There are several overlapping schemes for the classification of percussion instruments.

These schemes are based on four types of criteria:

Percussion instruments vary enormously in nature and usage, and have possibly the longest history of any group of musical instruments.[1] For these and other reasons their classification proves difficult, and different classification systems are used in different contexts.

At the highest level of grouping, authorities differ over whether stringed instruments such as the hammered dulcimer and keyboard instruments such as the celesta are percussion instruments, let alone the piano which is both stringed and a keyboard and yet sometimes also termed percussion.[2][3]

Hornbostel-Sachs does not use the term percussion as a general grouping at all, but instead in a very different sense to the common usage. Instruments such as castanets and cymbals used in pairs are not percussion in the Hornbostel-Sachs sense, but are percussion instruments in every other sense.

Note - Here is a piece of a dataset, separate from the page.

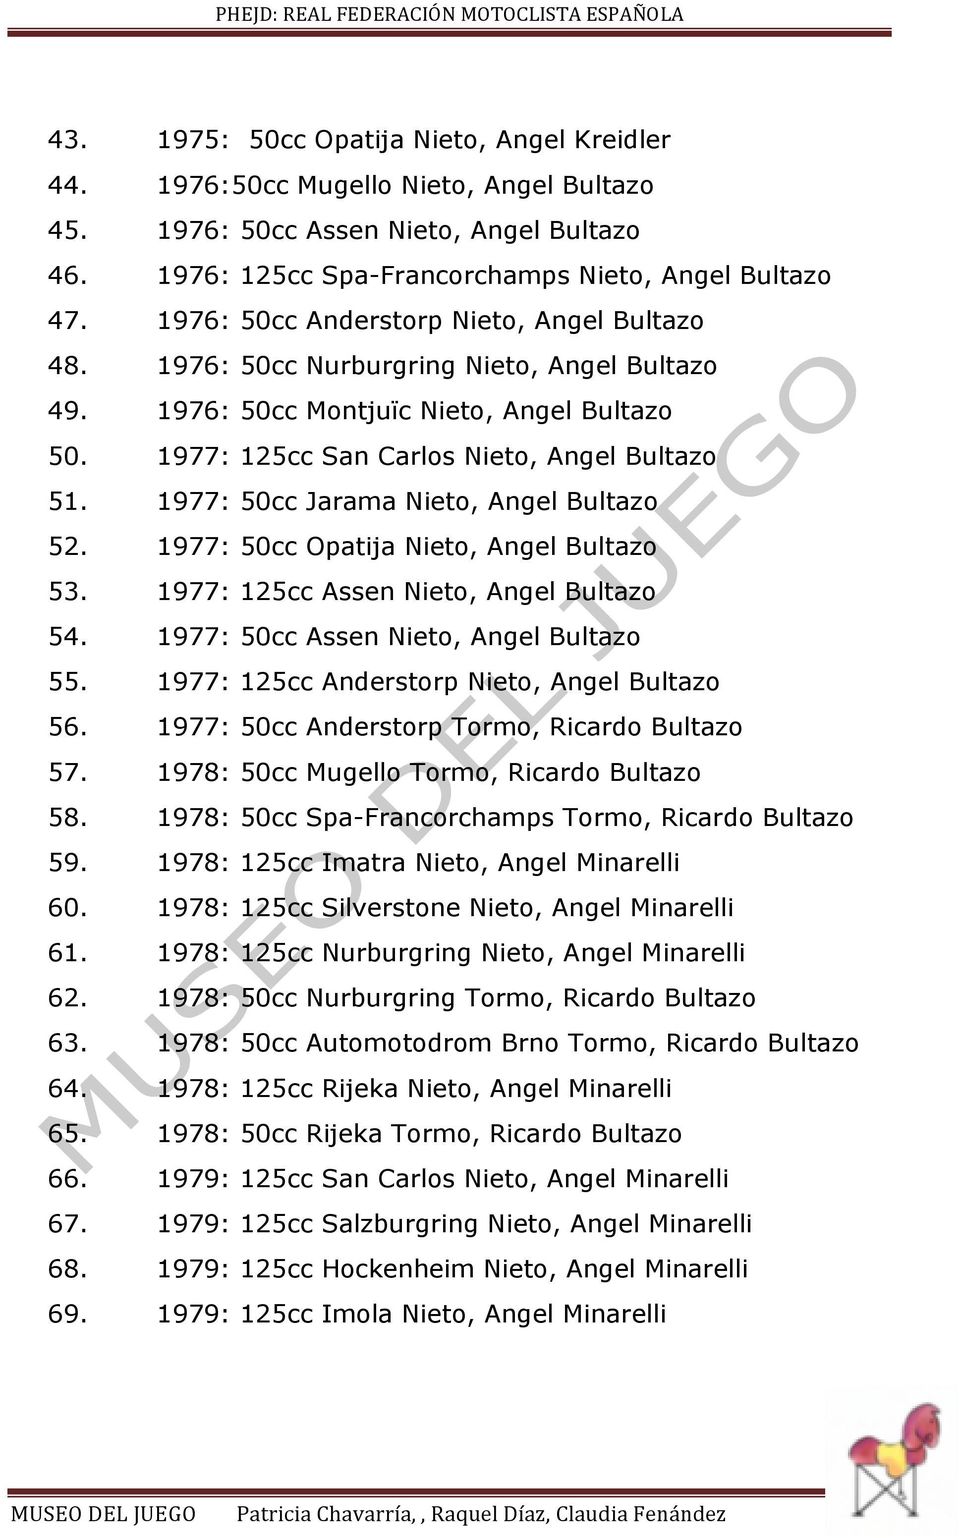 1977: 50cc Jarama Nieto, Angel Bultazo 52. 1977: 50cc Opatija Nieto, Angel Bultazo 53. 1977: 125cc Assen Nieto, Angel Bultazo 54. 1977: 50cc Assen Nieto, Angel Bultazo 55.

Similar problems are encountered at lower levels of classification.

By means of sound production

Ancient Chinese and Indian systems of classification were based on the materials of which the instruments were constructed, and the acoustic properties of the instruments, respectively.[]

In the 14th century Jean de Muris produced a classification system which divided all musical instruments into three classes: Percussion, String and Wind.[] Hornbostel-Sachs further develops this scheme, but abandons the percussion high-level grouping, replacing it by the groups idiophones and membranophones.


Hornbostel-Sachs classifies musical instruments by means of a numerically labelled inverted tree structure, originally with four groups at the highest level, two of which are percussion instruments (as the term percussion is normally understood), and the others strings and wind. The system does use the term percussion but at a much lower level in the tree and in an esoteric sense quite unlike its common usage, see below.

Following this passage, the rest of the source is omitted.